TEDxYork notes, direct from my P-Pad



Yesterday I gave myself a treat of a day and went to TEDxYork, organised by Marcus Romer and Pilot Theatre. This was a very different kind of day to the Stronger Together event last week, although there were some people in common, and it was similarly well-delivered. (Can I suggest there's a sideline for theatre people in running/designing conferences, they seem to handle the 'theatrics' of them better than conference organisers.) It was a kind of festival of storytelling and idea sharing and listening, with short bouts of discussion that looked, to the old-fashioned eye, like lunch and coffee breaks. The main sessions didn't even have questions - you just moved on to the next bright person. Some of the talks were better than others, but only a couple didn't give me at least one thing to think about or write down. 


There were lots of I-Pads out. It was that kind of a crowd. Here's a few of the things I wrote down in my high tech Pukka Pad.
  • First Sinclair games machine had 1K memory. An I-phone has 32 million times more than that.
  • Cost of making cutting edge computer game has increased 10,000 fold last 15 years, and in 15 years before that.
  • Ubiquitous broadband and mobile internet allows the kind of connection with mass audiences that niche/cult/indie producers and promoters traditionally have
  • XTK Projects: 'peer-sourced funding for ideas that don't exist yet' (Just looked at this and they coin a brilliant term: 'primordial capital'. Kristin Alford was a good speaker, but she could drop that in.)
  • Work where chaos meets order, or in chaos, rather than rushing to turn order into control
  • 'Talk about success or talk about failing spectacularly' - fine, but what about miserable failure - the kind that drags and is just horrible and energy sapping - failure isn't always going down in flame.
  • The loyalty of phone boxes.
  • Is vernacular social science (eg Information is beautiful) challenging academic social science with its account-based approach, even if complemented now by data.
  • No more lies to sociologists
  • It's a brave man who shows us pictures of his teddy bears
  • Resilience as Agency, Relatedness and Competence
  • Flyposting is illegal, Google map pins are not
  • Technology as a material, not a tool
  • Can arts venues learn from how high end restaurants treat customers?
  • Are we turning the music industry into Pizza Express?  
  • We need a view on the world not a position in the market
  • We are in the business of dis-enthralling
  • Must read Proust and The Squid by Maryanne Wolf
  • That humans learned to read is a miracle - are we now learning to do something else?
There was of course, much more, but they could each become a blog in their own right.

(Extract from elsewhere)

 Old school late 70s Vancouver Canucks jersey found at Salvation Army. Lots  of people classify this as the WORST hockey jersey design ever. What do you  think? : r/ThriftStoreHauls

The day was themed around inserting the A of Arts in the STEM subjects of Science, Technology, Engineering and Mathematics to make a new STEAM age. A number of speaker made passing reference to this, but it was mainly left implicit. There was a good range of examples in the programmes though, from theatrical and game-based storytelling to cello playing to amazing 'Digital Duets' between artists in Manchester and New York. My one conclusion about this was that we need to widen our definition of Art to actually do this, to make Art a driver of change and energy in society in the way steam was.